Rasulullah SAW juga bersabda: “Siapa saja di antara kalian yang berada di pagi hari sehat badannya, aman jiwa, jalan, dan rumahnya, dan memiliki makanan untuk hari itu, maka seakan ia telah diberi dunia seisinya” (HR al-Bukhari, Ibn Majah dan Tirmidzi). Seorang pemimpin, yakni seorang imam harus bertanggung jawab terhadap kondisi warganya, termasuk dalam hal kesehatannya. Kondisi sehat seorang warga diibaratkan adalah bagian dari bahwa ia telah memiliki dunia seisinya. Hal ini menunjukkan bahwa kesehatan merupakan perkara penting yang senantiasa dijaga oleh semua pihak. Jika terjadi endemi penyakit tertentu, maka negara wajib untuk melakukan sebuah tindakan agar tidak menular kepada warga lainnya. Rasulullah SAW. Bersabda: “Jika kalian mendengar ada penyakit thaun menimpa suatu kampung, maka janganlah kalian memasukinya. Dan jika jika thaun menimpa suatu kampung, sedang kalian berada di dalamnya, maka janganlah kalian keluar darinya” (HR.Bukhari Muslim)
Negara, dalam hal ini pemerintah, tidak boleh melakukan tindakan apapun yang justru membahayakan warganya. Sebagaimana sabda Nabi SAW: “Tidak boleh membahayakan orang lain dan diri sendiri” (HR Malik). Karenanya, ketika pemerintah memiliki dugaan dan bukti yang kuat -terhadap suatu upaya kesehatan- yang ternyata dapat membawa bahaya (kemudhorotan), maka negara tidak boleh memaksakan tindakan tersebut sekalipun memiliki manfaat. Kalaupun tetap dilakukan, maka pemerintah harus memastikan warga negaranya mengetahui, misalnya efek samping dari suatu obat atau kondisi kesehatan yang seperti apa yang terlarang untuk mengkonsumsi obat tertentu. Dan hal ini hanya akan terjadi jika ada sosialisasi yang maksimal. Tidak cukup juga hanya sebatas sosialisasi, tapi harus disertai dengan pengawasan yang ketat.
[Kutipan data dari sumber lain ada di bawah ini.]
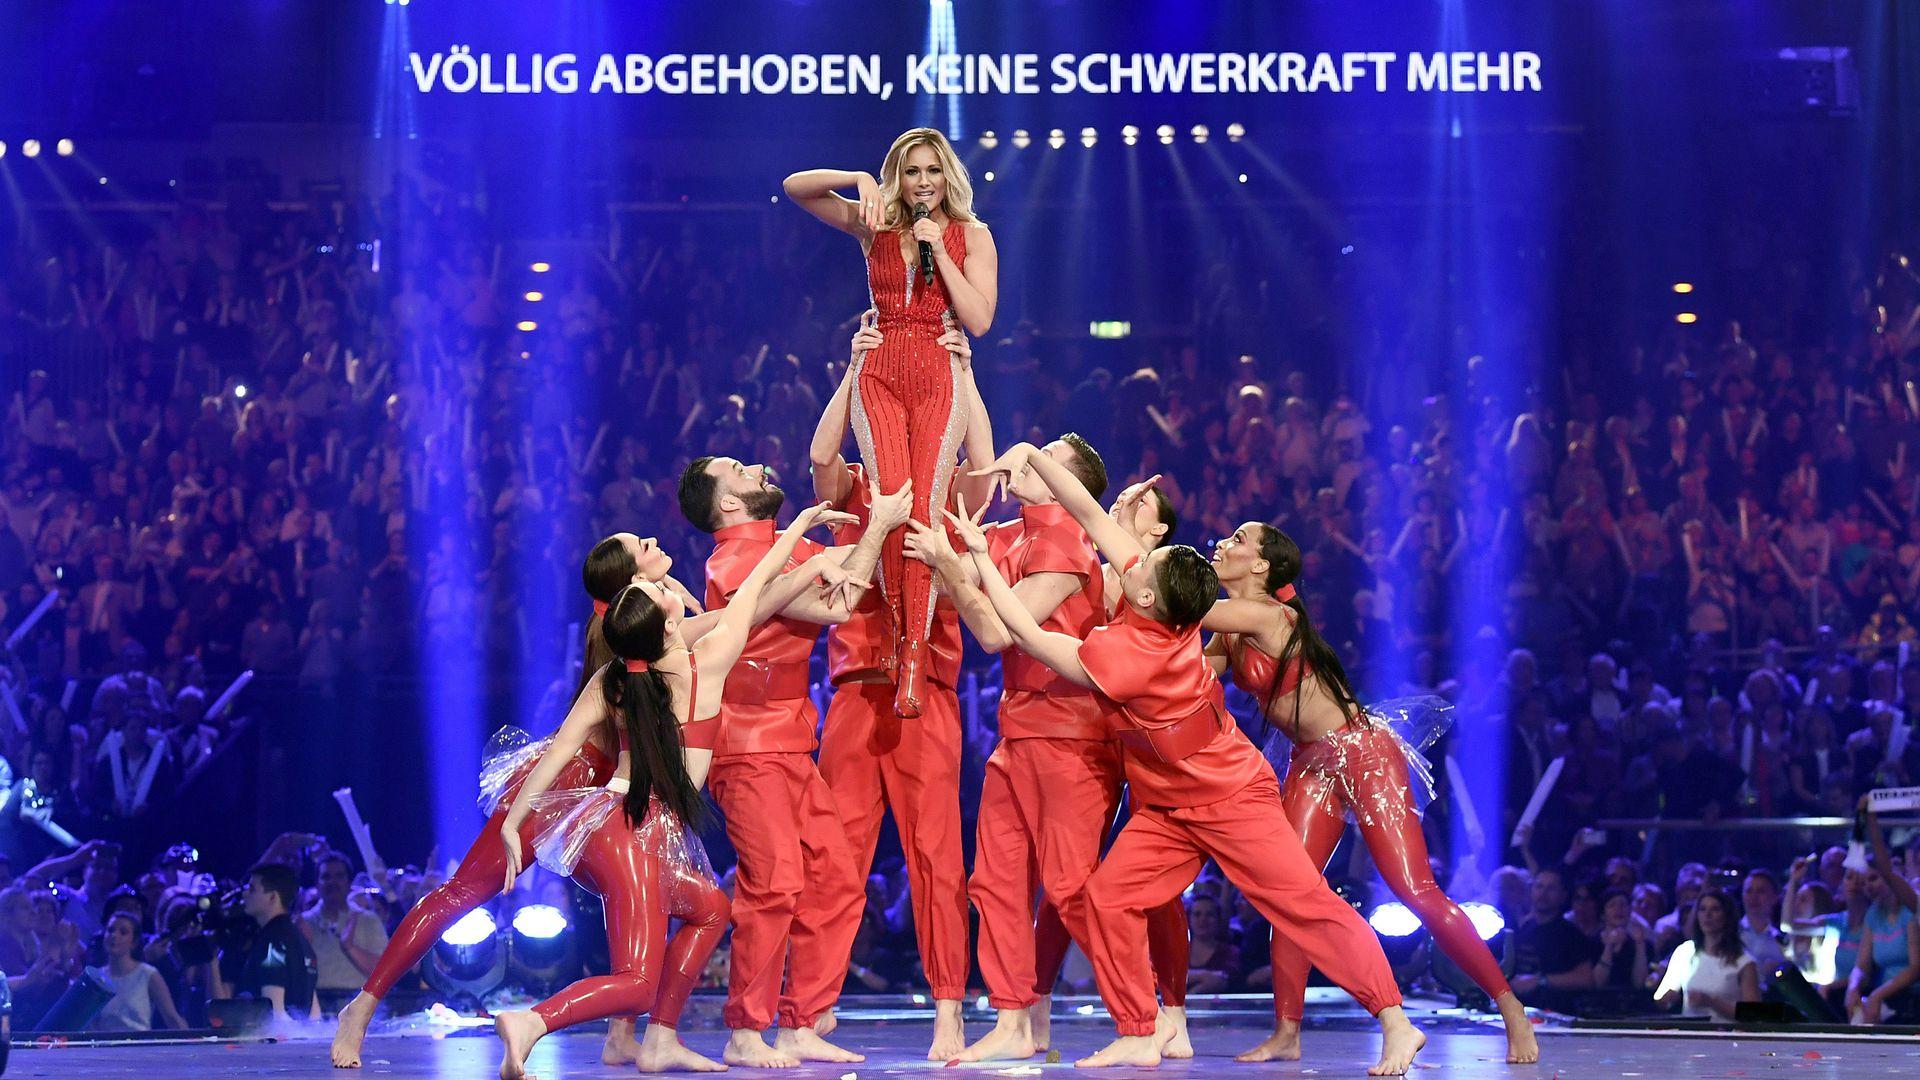 Nach Ard Live Show Helene Fischer Stürzte Auf Der Bühne Promiflashde

Di sisi lain Negara harus mencari alternative upaya kesehatan lain yang tidak mengandung bahaya, agar hal-hal yang diinginkan tidak terjadi. Terkait filariasis, dr. Primal Sudjana, Sp.P.D., K.P.T.I., dari Sub-bagian penyakit Tropik dan Infeksi Bagian Ilmu Penyakit dalam Rumah Sakit Hasan Sadikin Bandung/FK UNPAD menyatakan, bahwa untuk mencegah penyebaran penyakit kaki gajah sebenarnya ada cara yang lebih mudah, yakni memutus mata rantai penyebaran dengan pengendalian vektornya, yaitu nyamuk. Pengendalian nyamuk dapat dilakukan dengan dengan memberantas sarang nyamuknya. Sedangkan pengobatan massal filariasis yang bertujuan menghilangkan mikrofilaria dari dalam tubuh, sekalipun dianggap efektif, cara ini dapat menimbulkan efek samping dan tidak mudah untuk dilakukan, karena memerlukan waktu yang panjang, yaitu lima tahun dan obat harus dimakan secara bertahap setahun sekali.(Pikiran Rakyat, lembar Geulis, 15/11/2009)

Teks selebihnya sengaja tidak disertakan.